Nos valeurs fondamentales de liberté et d'égalité ont été perverties. L'égalité c'est le droit pour tous de s'exploiter les uns les autres de la même façon, peu importe la religion, le sexe, l'orientation sexuelle. La liberté c'est le droit d'exploiter infiniment l'homme et la terre et d'être assuré que sa propriété sera à l'abri. La liberté et l'égalité que nous devrions défendre devrait se baser sur ce qui fait de nous des êtres semblables, pas des êtes différents (tout en respectant la différence de chacun et le droit de s'autogérer des peuples). Attention, certaines valeurs inhumaines sont définitivement à bannir complètement. Par exemple les misogynies musulmanes sont inacceptables si la femme perd son statut égalitaire ou devient soumise et victime de violence. Le port du voile, dans la mesure où il se fait de façon volontaire une fois à l'âge adulte, ne représente pas une menace à notre identité ni aux fondements de notre société.

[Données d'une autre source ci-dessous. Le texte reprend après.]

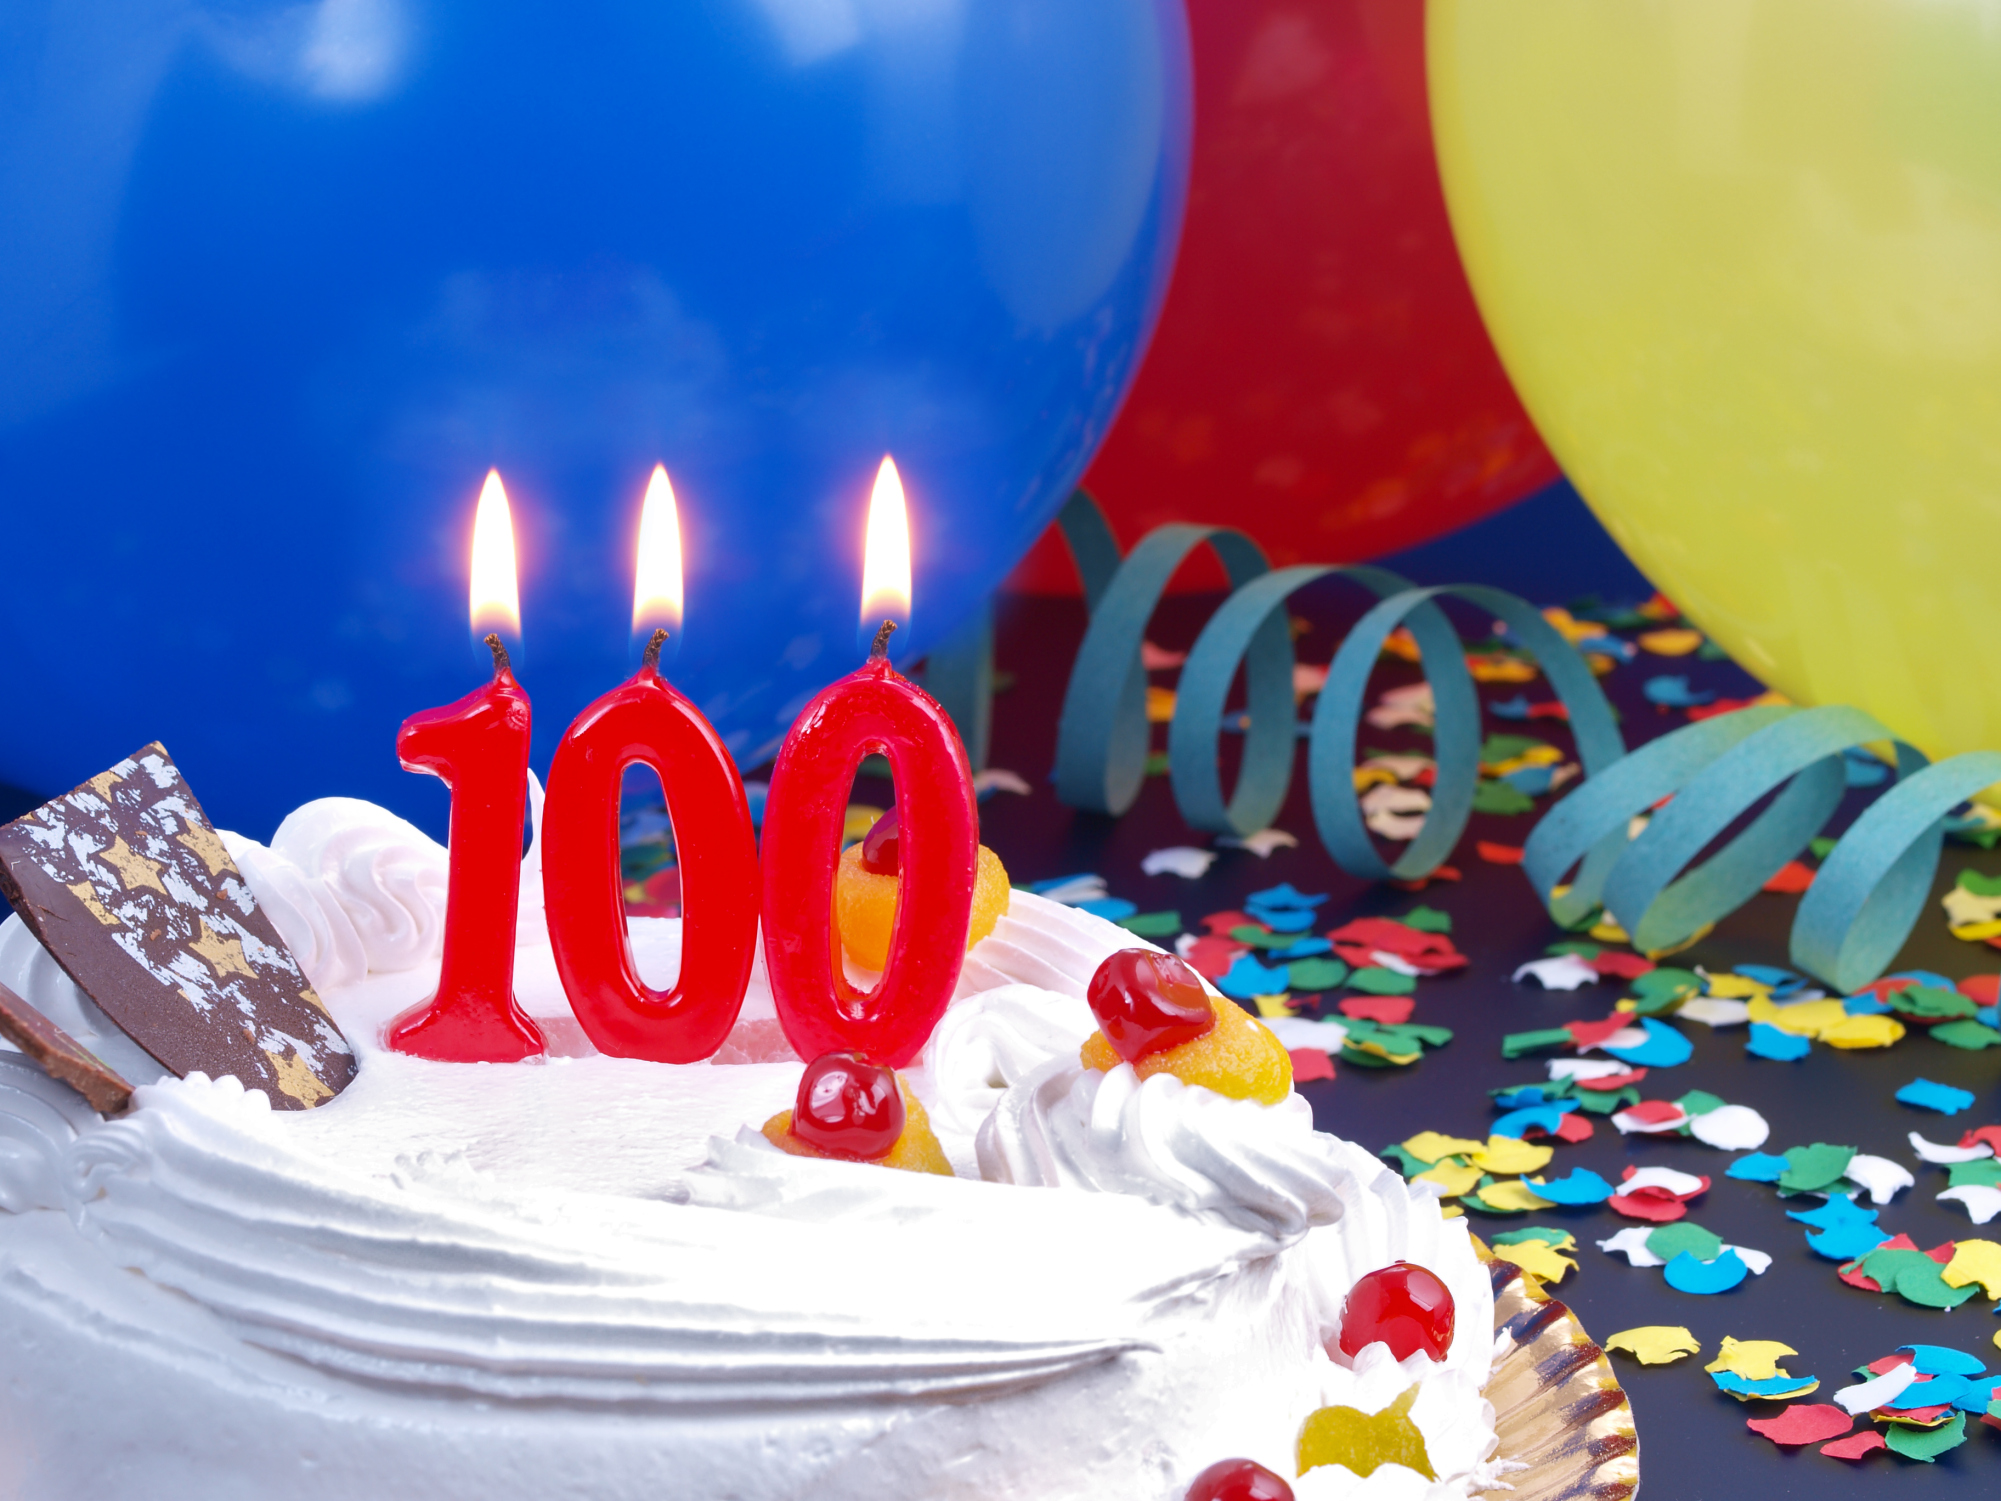 Birthday Ideas for Grandmas Turning 100 Years Old

Mon pays ce n'est pas un pays, c'est l'hiver. Un vent froid souffle et il crache pendant des mois et des mois sur les étudiants qui manifestent dans la rue. Mais lorsqu'il y aura émeute car le Canadien gagne en séries, les grands médias ne réserveront qu'une page à l'incident. Mon pays ce n'est pas le Québec conquis, défaitiste, occupé, qui impose la même dictature qu'il se fait imposer mais cette fois à ses propres minorités (accommodements non raisonnables, minorité anglaise dans la métropole). Le Québec c'est mort comme l'hiver, plate comme le mois de février. Mon pays ce n'est pas l'autoroute 20 , buveuse alcoolique de pétrole qui cautionne l'impérialisme des plus grands pour exploiter les pays défavorisés puis ensuite se plaint du radicalisme religieux que cela engendre dans le monde arabe. Non! My country, it's not a country, it's money. ! NOTRE pays à je, me, moi, c'est Québec, Canada, U.S.A. , Macdonald, Wal-Mart, Apple INC.

Est-ce que j'irai aux urnes pour la crémation de mes rêves dans l'hiver de Jean-Talon? Oui, même si toutes ces questions futiles ne m'intéressent pas. Aucun candidat ni parti ne nous propose le printemps espéré de Stadaconné.